The Broderick's Yard: 

The Broderick's were the family next door, and are honestly the best family. The three kids in that family were some of my favorite playmates growing up, particularly Kate, who's adventurous and competitive spirit pulled me out of my naturally stagnant shell. If I hadn't had the Broderick kids (and later, the Beatons, another group of adorable and active kids) as neighbors, I probably would have spent a majority of my childhood reading books and playing Sonic.

My strongest outdoor memories from my Massachusetts neighborhood occur in the Broderick's yard. They had a huge yard with all the typical childhood amenities, along with a killer sledding hill in the winter, and a mom who would make tuna melts accompanied by Cape Cod potato chips and juice mixed with seltzer water (of course I remember the food!).

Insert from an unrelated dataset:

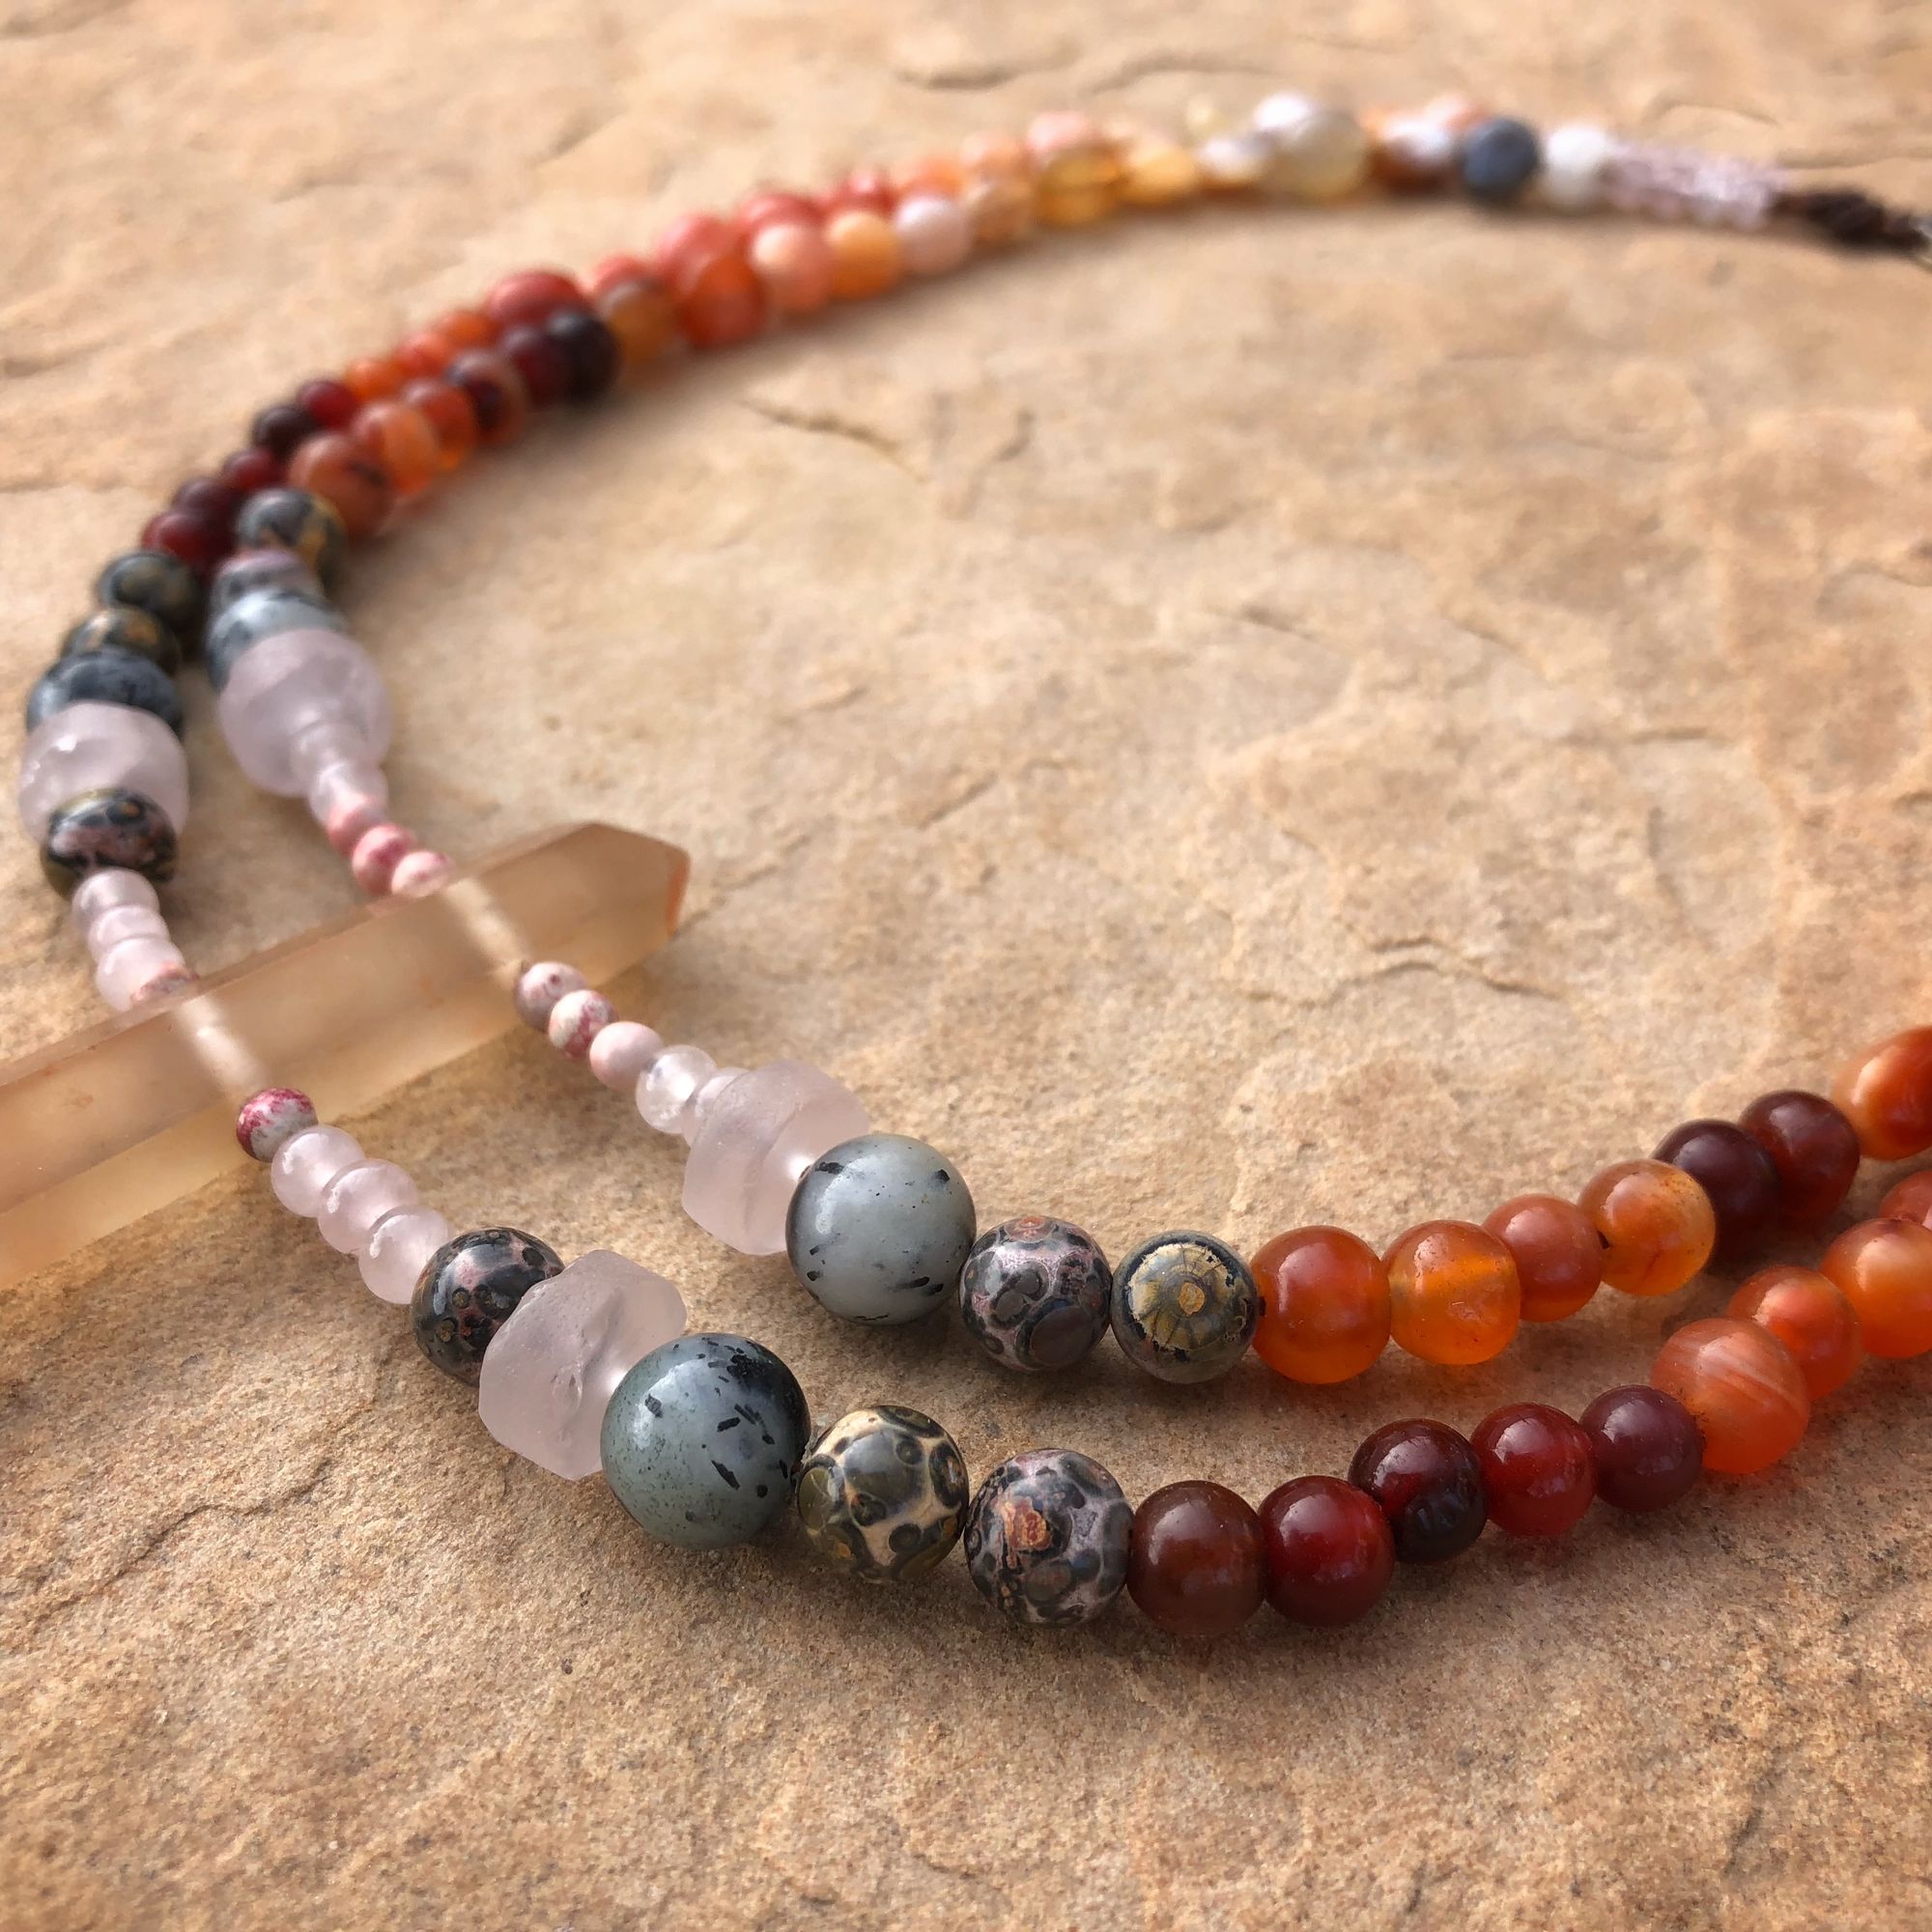 Necklace made of red, grey, orange, yellow and pink semi-precious stones laying on tan sandstone

There really weren't any limits to where we could go, and as we got older, we would wander farther and farther afield. I remember one particularly warm winter day when a group of us found ourselves in the woods. Rather than snow, there was ice, because that area tended to get really wet, so I suppose there must have been some melting earlier in the season, then things got cold again and froze over. But with the warmth of that particular day, we found ourselves hoping from sheet of thick ice to sheet of thick ice, hanging on to trees and their little patches of dry ground, playing some sort of game, the exact parameters of which I'm not sure of, having the times of our lives. I don't think those particular circumstances cropped up again, at least not while I lived there, and it was, for me, a once in a lifetime event that now seems so simple, but felt amazing at the time.

Maudslay State Park

My last memories from Massachusetts come from an unlikely place, at least in terms of the great outdoors. Newburyport is a large-ish town on the North Shore, sort of akin to the Old Port in Portland (for my Maine friends - Massachusetts friends are free to decry this comparison). In Newburyport there is Maudslay State Park. I haven't been there in years, like, probably close to twenty years, at this point, so my memories of the park itself are extremely foggy, but I include in these rememberances for a reason - it still gives me such a strong feeling when I think about it. I only have fleeting images in my mind of this place, but the sense of loveliness and stillness and mystery sit solidly over me. It's an interesting to me, that a place where I don't have a real distinct memory of could still leave me with such a strong impression. I love how natural places can do that to you.


I know a lot of folks like to think of Millenials as the first generation shut up in the house, transfixed to their computers and TVs, but I would argue that my friends growing up, both in Massachusetts and in Maine, spent a majority of our time playing outside. We were frequently kicked out by our parents and would run from yard to yard, following some kind of adventure or figuring out which place would be best suited for whatever sport we were going to play. Even as a teenager, here in Maine, I can think of many times I spent with friends outside rather than in, never with our noses buried in something else.

This is the kind of childhood I hope for my kids, one where their best childhood memories take place outside, with a friend or group of friends, lost in their play.